To be honest I am not overly careful with her, I just pick her straight up and let her cruise around my hands / arms / pockets / hair etc, I sometimes touch her head trying to desensitize her to it, sometimes she doesn't react other times she jumps away. Some times I get her out every day other time's I leave her be for 3 - 4 days, especially after a feed. 

Basically I do not really have any concerns with handling, just curios if maybe I am pushing her to hard. Any advise to help her relax more, should I be handling her less, and not touch her head at all? Any tricks to help her relax? 



Feeding;
I have purchased two book's which are still a week away, but I just want some more clarification on feeding. Currently she eats once I week. Should I be feeding her more? She is on fuzzy rats. 

Live feeding? Is live feeding good for them, do they enjoy it? I feel as though it would be beneficial for her as it is more natural.

How? When? Do you switch to live feeding? Is it one or the other, once you live feed that is the only way? What are the pro's and con's etc?

Also food variety, instead of rats only can your incorporate other prey into their diet? 

Exactly how do you gauge the appropriate food/prey size?


Apart from that I don't feel there are any other concern's she poops regularly, sheds well, and will have a very realistic large enclosure finished off soon. 

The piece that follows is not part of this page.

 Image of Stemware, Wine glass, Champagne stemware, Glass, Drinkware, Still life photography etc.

Here are some pics just for fun


----------



## kittycat17 (Oct 11, 2017)

Great job with her so far 
First off live feeding is illegal and doesn’t benefit the animal at all  

You can offer other foods like rabbits, chickens and quail as some exceptions. But you can find that they get stuck on birds as prey and will refuse rats so until she’s fully grown I would stick with rats 

I gauge the appropriate size of prey by leaving a good size lump, generally 1.5 -2 x the width of the snake  


On nervousness I find that settles down as they get bigger she still looks quite small in those pics so I would bump up her food size  
My hatchlings are 10 mths old and are feeding on weaner rats and could probably go to smaller  (they hatched jan 6th) 


Sent from my iPhone using Tapatalk Pro


----------



## Stompsy (Oct 11, 2017)

+1 for everything @kittycat17 has suggested.

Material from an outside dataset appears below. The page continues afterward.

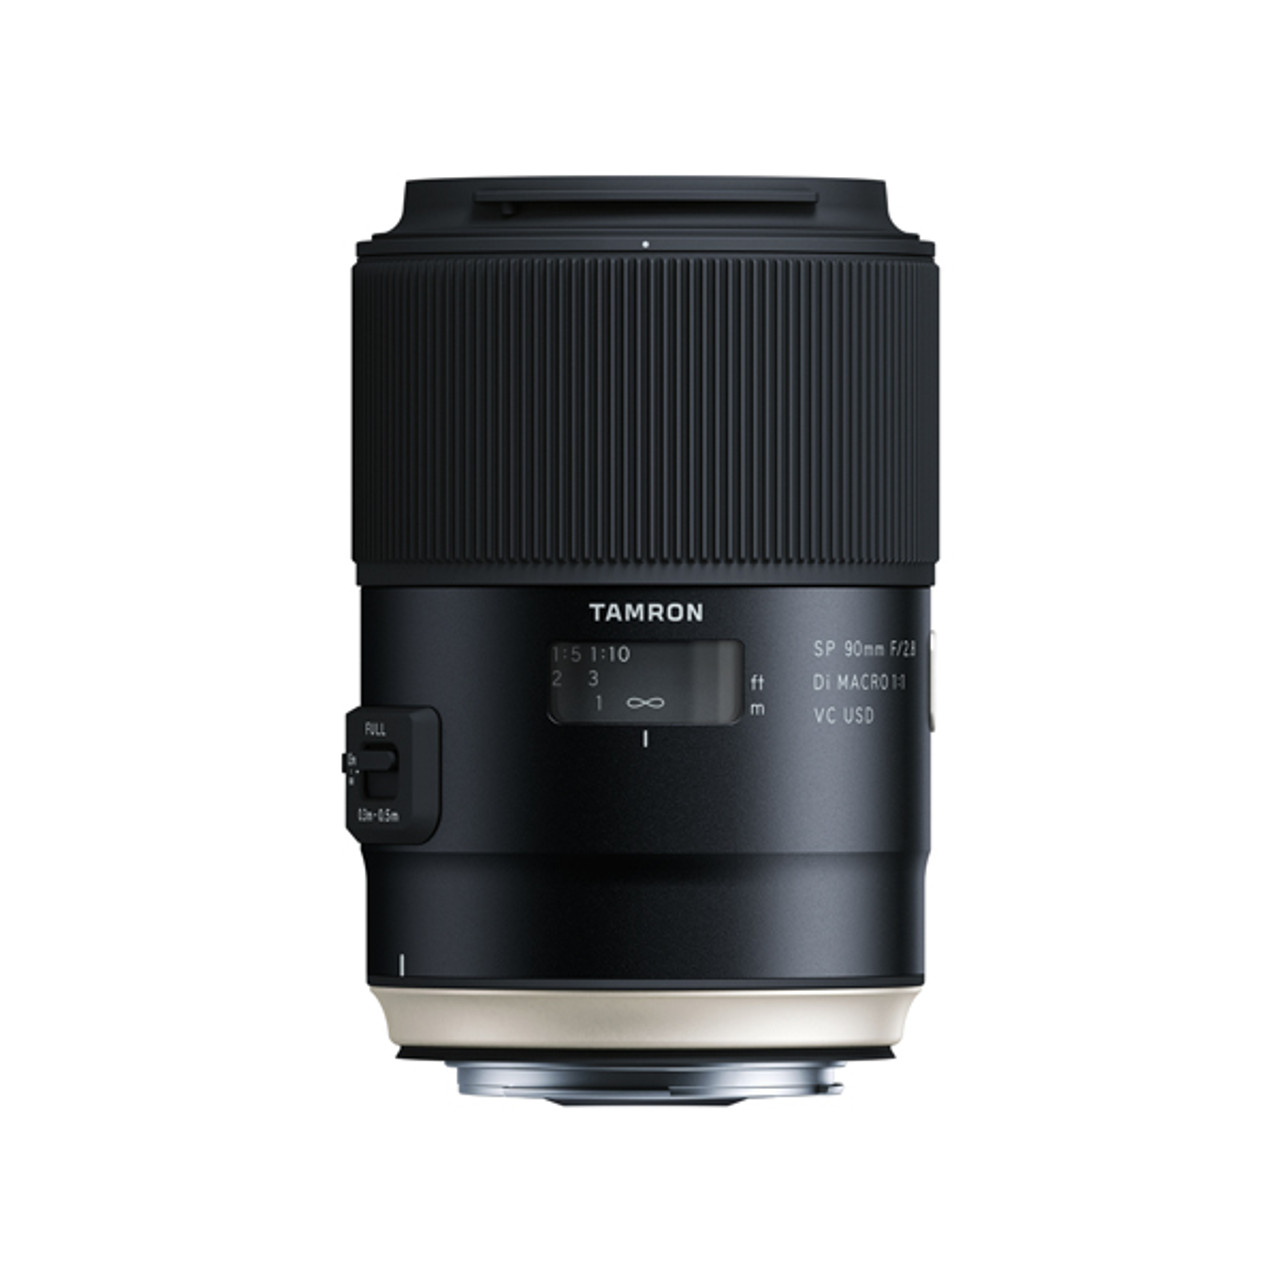 Tamron 90mm F2.8 Di VC USD R2 Nikon
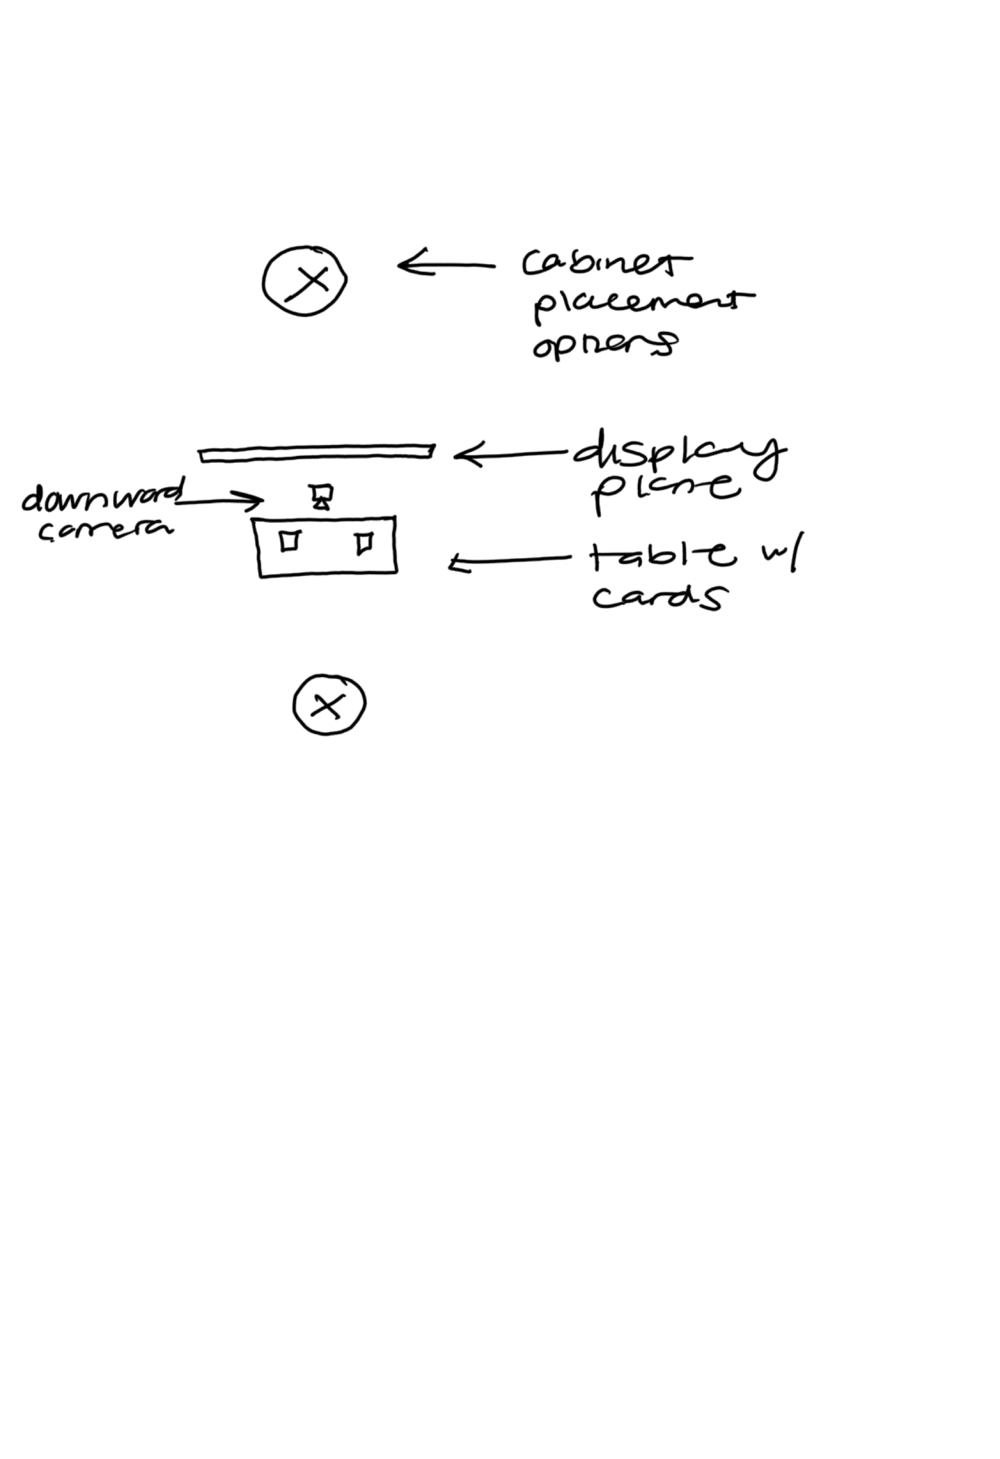 WCM0049.png

My only other advice is to leave her be for at least 7 days, don't attempt handling or even open her enclosure as she will need time to get settled and used to her new surroundings. And I'd also suggest keeping her in the click clack enclosure she is in now until she gets bigger. She'll feel more secure in a smaller space and that will bring benefits for handling too!

After that time, feed her... then wait another 2 or 3 days (until she defecates) and then attempt handling her again.

I handle my snake probably once a week and he handles like a dream but it took a little while to get to that point.

She's stunning BTW. 

EDIT: To add to the anti-live feeding... a live rat or mouse can easily injure your snake if she doesn't consume it straight away, so on top of being illegal, it's dangerous to the snake and should be avoided.


----------



## Pauls_Pythons (Oct 11, 2017)

Hmmmm, Live feeding is not illegal KC. (Sorry) However it is frowned upon and is not something that should be necessary in 99.7% of cases. (And live rodents are capable of killing snakes)

Ok Ellie, Hi, It is a large post and I admit I do regularly speed read and miss important bits but you don't say how long you have had the animal. (As far as I can see). New animals should be left at least a week or 2, often longer to get used to their new environment. 
Make sure the environment is correct, temp, daylight hours, location of enclosure, (not getting too much foot traffic), plenty of places it can hide away if it so wishes.

Jungles are well known for being a bit flighty though many people will attest that they have calm animals so it could calm down in time. So long as its not biting its always a good place to be and the potential is good.
I would personally reduce the amount of handling, its not something snakes yearn for but something they tolerate. Sometimes the more you handle the more tolerant they become, others behave calmer with reduced handling (might be these are the ones that are more nervous).


----------



## EllieSkyline (Oct 11, 2017)

Hi all thanks for the fast replies!

Ok so yeh I left out some important information, I have had her since July so about 3 months. I did a hell of a lot of research before hand, and yes on arrival she was left untouched for a week and a half. She lives in my bedroom which has no traffic, and has remained in her small clickclack for security.

When I first started handling she bit the first 3 times, then got totally over it. However I have noticed she is kind of going backwards lately which is why I am questioning that perhaps I am pushing her two hard. Like you said ''Pauls Pythons'' I know Jungles can be flighty so I did initially think it's just her temperament coming out of the shell, however due to her nervous symptoms, I feel that it is not so much temperament and more still nervous, but after 3 months I feel this should have eased?

Like I said not any real concerns with handling she is fine, just a bit unpredictable which I do not really mind, I actually wouldn't mind a bit of a lively snake, but if it is nerves rather then temperament, I hope to ease them, as I want her to feel secure and comfortable with me.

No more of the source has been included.